Loshchilov and Hutter showed that AdamW substantially improves generalization compared to Adam with L2 regularization, particularly on image classification benchmarks where Adam had previously been outperformed by SGD with momentum. The decoupling also disentangles the weight decay coefficient from the learning rate, making hyperparameter search much easier: in plain Adam, changing the learning rate also implicitly changes the effective regularization strength, while in AdamW the two are independent [5].
AdamW is now the standard optimizer for training large language models and vision transformers. PyTorch provides it as torch.optim.AdamW, and it is the optimizer of choice for training models like GPT, BERT, Llama, Claude, Gemini, and their successors. As a rule of thumb, almost any time someone says they used "Adam" to train a transformer in the post-2019 era, they almost certainly mean AdamW.
The success of Adam has inspired a large family of adaptive optimizers. Some address specific limitations of Adam, while others introduce entirely new ideas. The table below summarizes the most influential variants.

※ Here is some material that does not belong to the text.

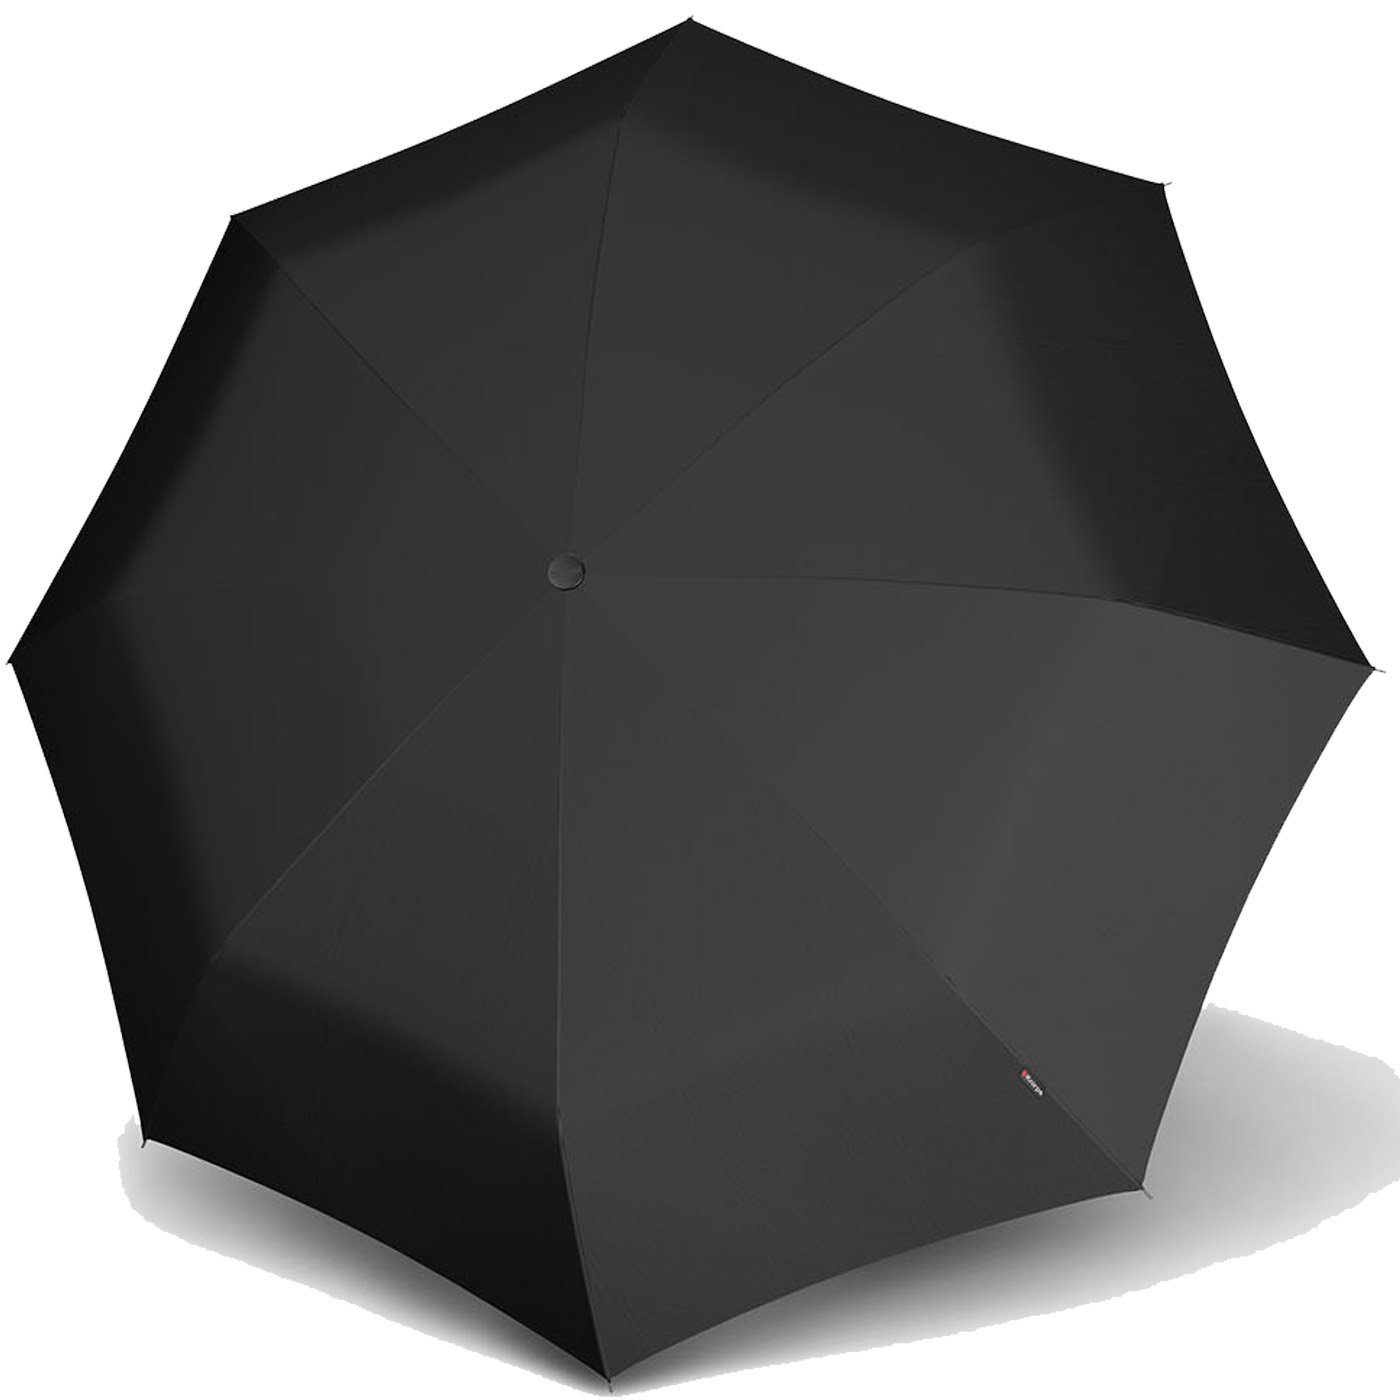 Reverse Automatik, der robust alte Classiker - Umbrella Knirps® MinimaticSL besondes - Taschenregenschirm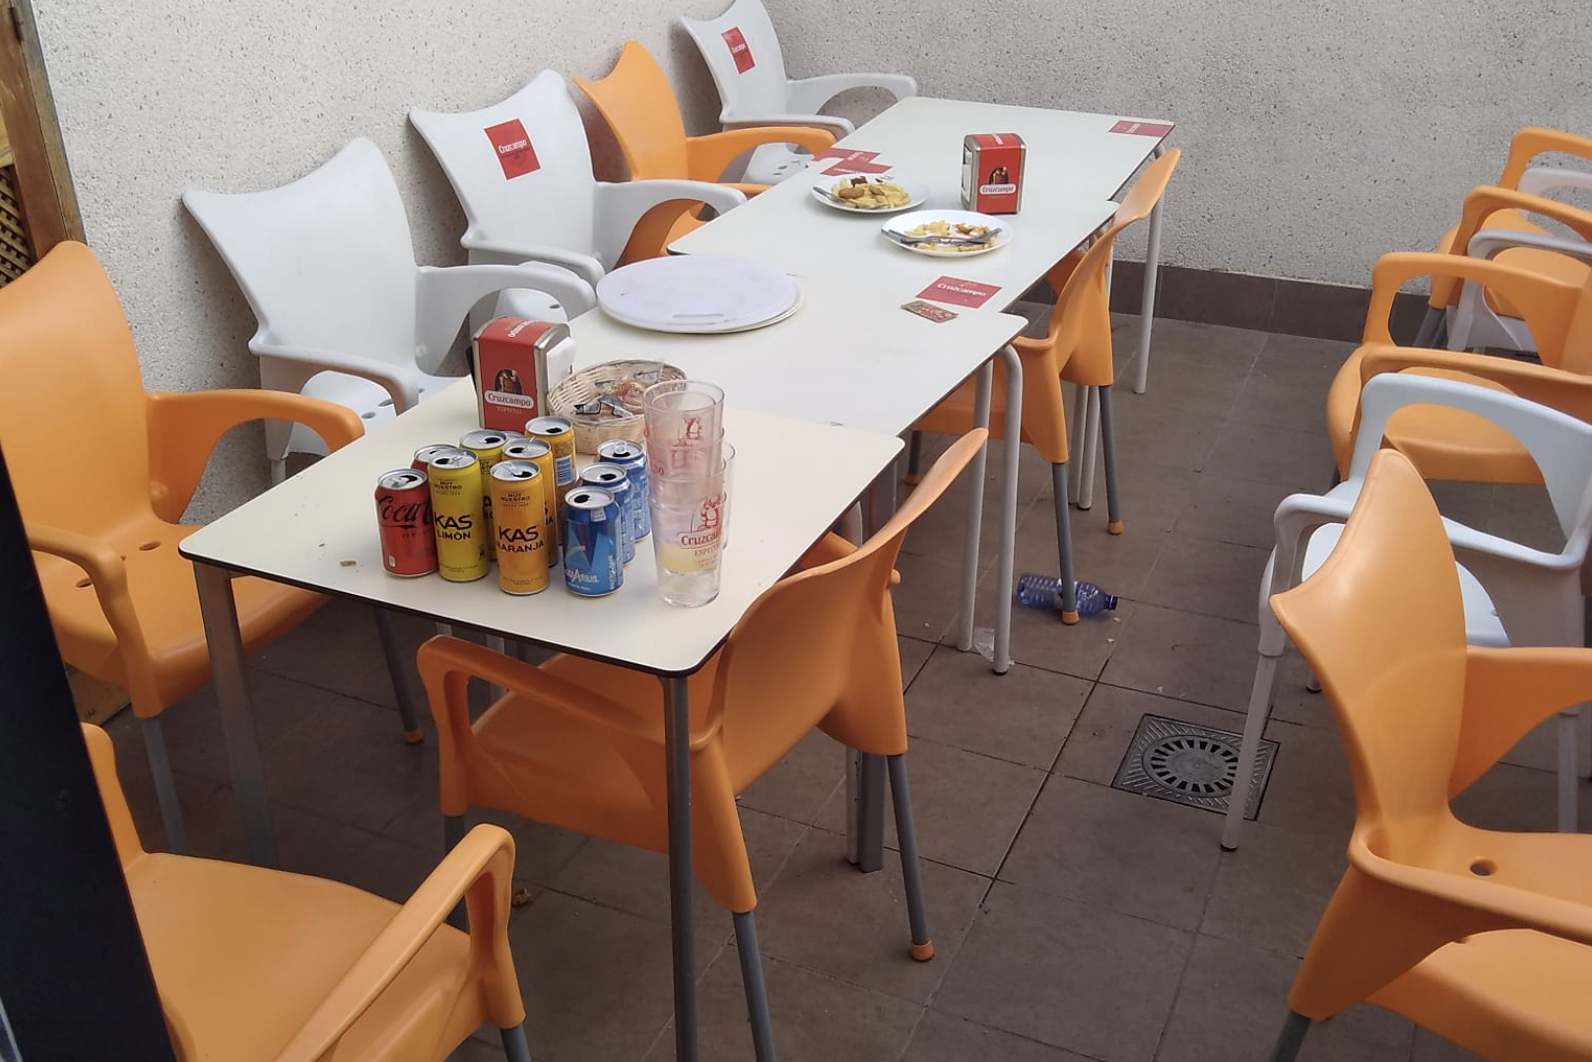 Así dejaron la mesa un grupo de adolescentes en un bar de Sevilla.

| Optimizer | Year | Key idea | Memory vs Adam | Primary use case |
|---|---|---|---|---|
| Adam [1] | 2014 | Combines momentum and RMSProp with bias correction | 1.0x | General-purpose default |
| AdaMax [1] | 2014 | Replaces L2 norm of past gradients with L_infinity norm | 1.0x | More stable when gradients have heavy tails |
| NAdam [17] | 2016 | Adam with Nesterov momentum lookahead in the first moment | 1.0x | Slightly faster convergence than vanilla Adam |
| AMSGrad [9] | 2018 | Maintains running maximum of v_t to fix non-convergence proof | 1.5x | Theoretical convergence guarantee |
| AdamW [5] | 2017 / 2019 | Decouples weight decay from adaptive gradient scaling | 1.0x | Standard for LLM and ViT training |
| Adafactor [8] | 2018 | Factorizes second moment into row and column vectors; sublinear memory | ~0.5x | Memory-efficient training of large models |
| LARS [6] | 2017 | Layer-wise adaptive rate scaling for SGD; normalizes gradient by layer | < 1.0x | Large-batch training of CNNs |
| LAMB [7] | 2019 | Layer-wise adaptive rate scaling applied to Adam | 1.0x | Large-batch training of BERT |
| RAdam [10] | 2019 | Rectifies variance of adaptive learning rate, removing need for warmup | 1.0x | Stabilized Adam without manual warmup |
| AdaBelief [18] | 2020 | Adapts step size to the "belief" in the current gradient direction | 1.0x | Sometimes better generalization and GAN stability |
| 8-bit Adam [13] | 2022 | Block-wise quantizes m and v to 8 bits | 0.25x | Memory-efficient LLM training and fine-tuning |
| Lion [11] | 2023 | Discovered via program search; uses sign of momentum; only one state | 0.5x | Efficient alternative to AdamW |
| Sophia [12] | 2023 | Uses diagonal Hessian estimate for second-order-like adaptivity | ~1.0x | Faster LLM pre-training |
| Schedule-Free Adam [19] | 2024 | Eliminates need for learning rate schedules via iterate averaging | 1.0x | Schedule-free training |
| AdEMAMix [20] | 2024 | Maintains two momentum terms with different timescales | 1.5x | Better use of older gradients |
AdaMax was introduced in the same paper as Adam itself [1]. It generalizes Adam by replacing the L2 norm of past gradients with the infinity norm. Concretely, the second-moment update is replaced by u_t = max(beta_2 * u_(t-1), |g_t|), and the parameter update becomes theta_t = theta_(t-1) - (alpha / (1 - beta_1^t)) * m_t / u_t. The infinity norm version is more numerically stable when gradients have heavy-tailed distributions, but in practice AdaMax is rarely used today.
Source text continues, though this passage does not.